The governor, in a post-meeting press conference, said that while Australia’s economy had surprised on the upside, this hadn’t passed through to wages and inflation. He said this explained why the RBA wasn’t laying the ground for rate increases like Canada.
“In Canada, the underlying inflation rate is quite close to the Bank of Canada’s target,” Lowe said. “Here in Australia, we’ve been below the target for too many years, and the prospect of reaching the target in the short-term is not particularly high.”
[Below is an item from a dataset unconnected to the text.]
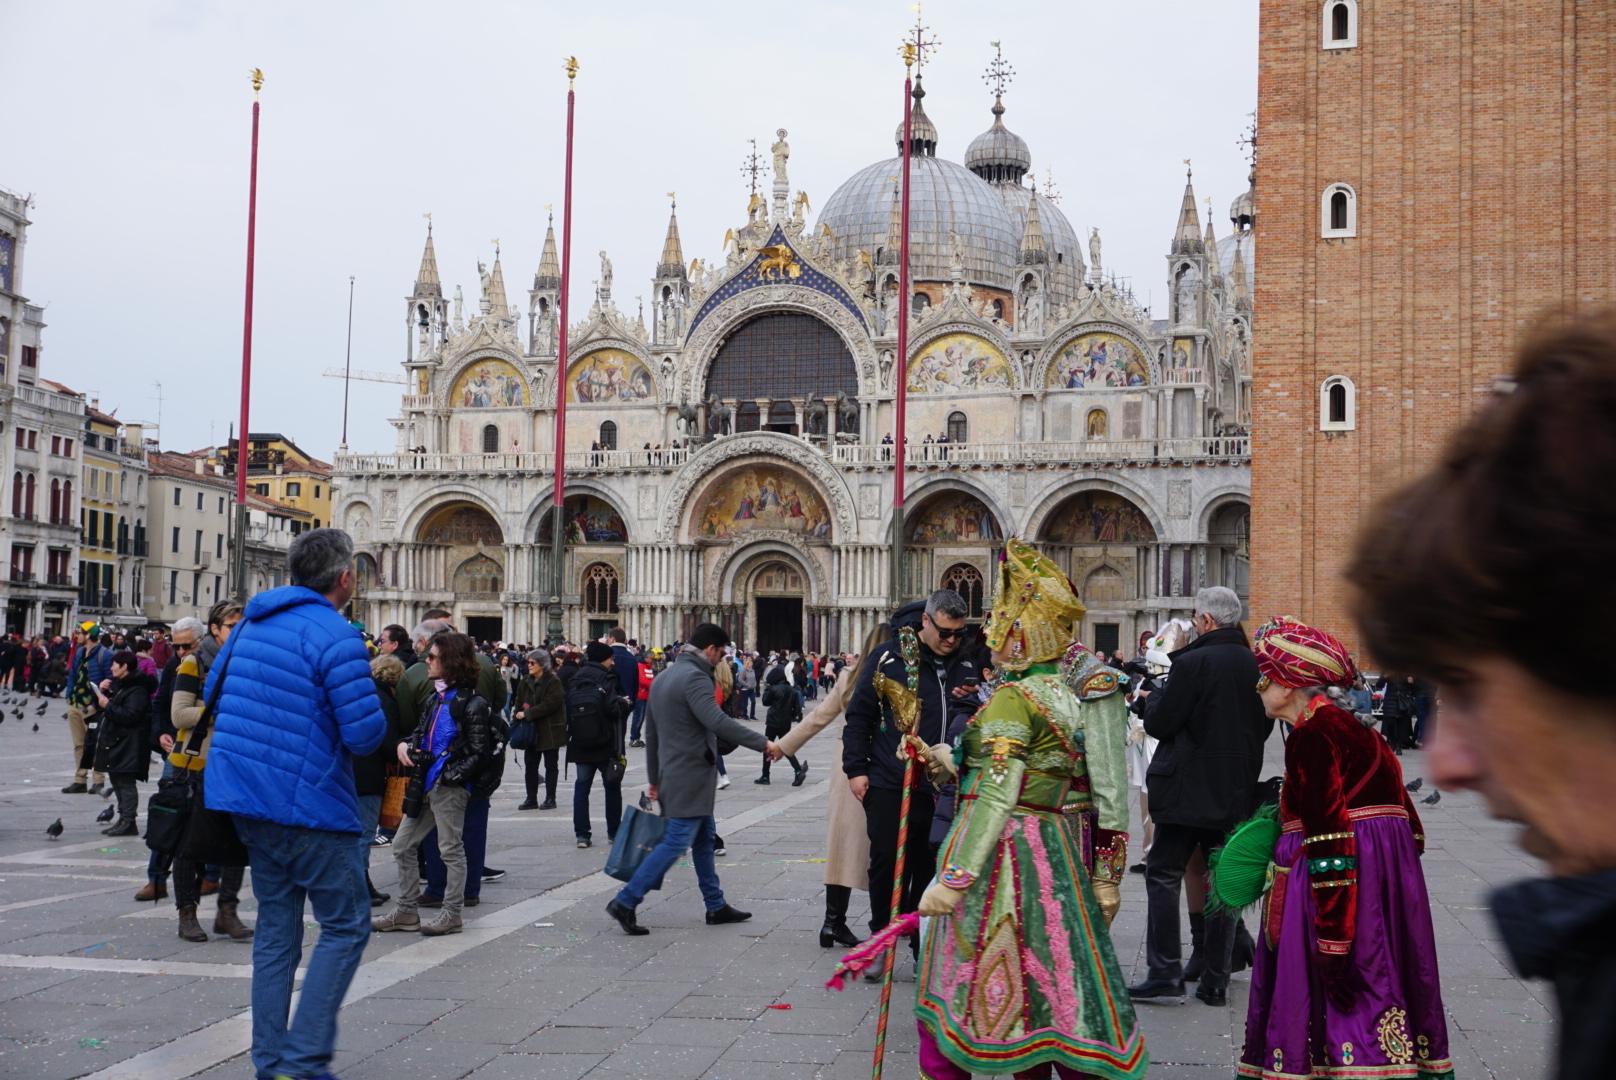 Carnevale in Venedig

“The RBA’s conditions for rate hikes – sustainable inflation within the target band – are unlikely to be met until late 2024. We expect its QE programme to be extended again in November, with a further reduction in the pace of purchases likely,” says James McIntyre, economist at Bloomberg. Lowe said during his press conference that the central bank’s review of the bond programme in mid-November was based on two considerations:
The benefit of “being able to respond in a timely way to the flow of economic news in a world characterised by a high degree of uncertainty”; and that the RBA’s guidance about future bond purchases “helps with market pricing”. The RBA will keep buying bonds until “there is further material progress” toward its goals for full employment and inflation, he said.
Lowe added that the bank’s decision not to roll over the three-year yield target bond to November 2024 reflected a wider range of cash rate scenarios because of the economy’s improvement.
The governor, in response to a question from an economist at the press conference, denied that the central bank was hinting at a 2023 rate increase.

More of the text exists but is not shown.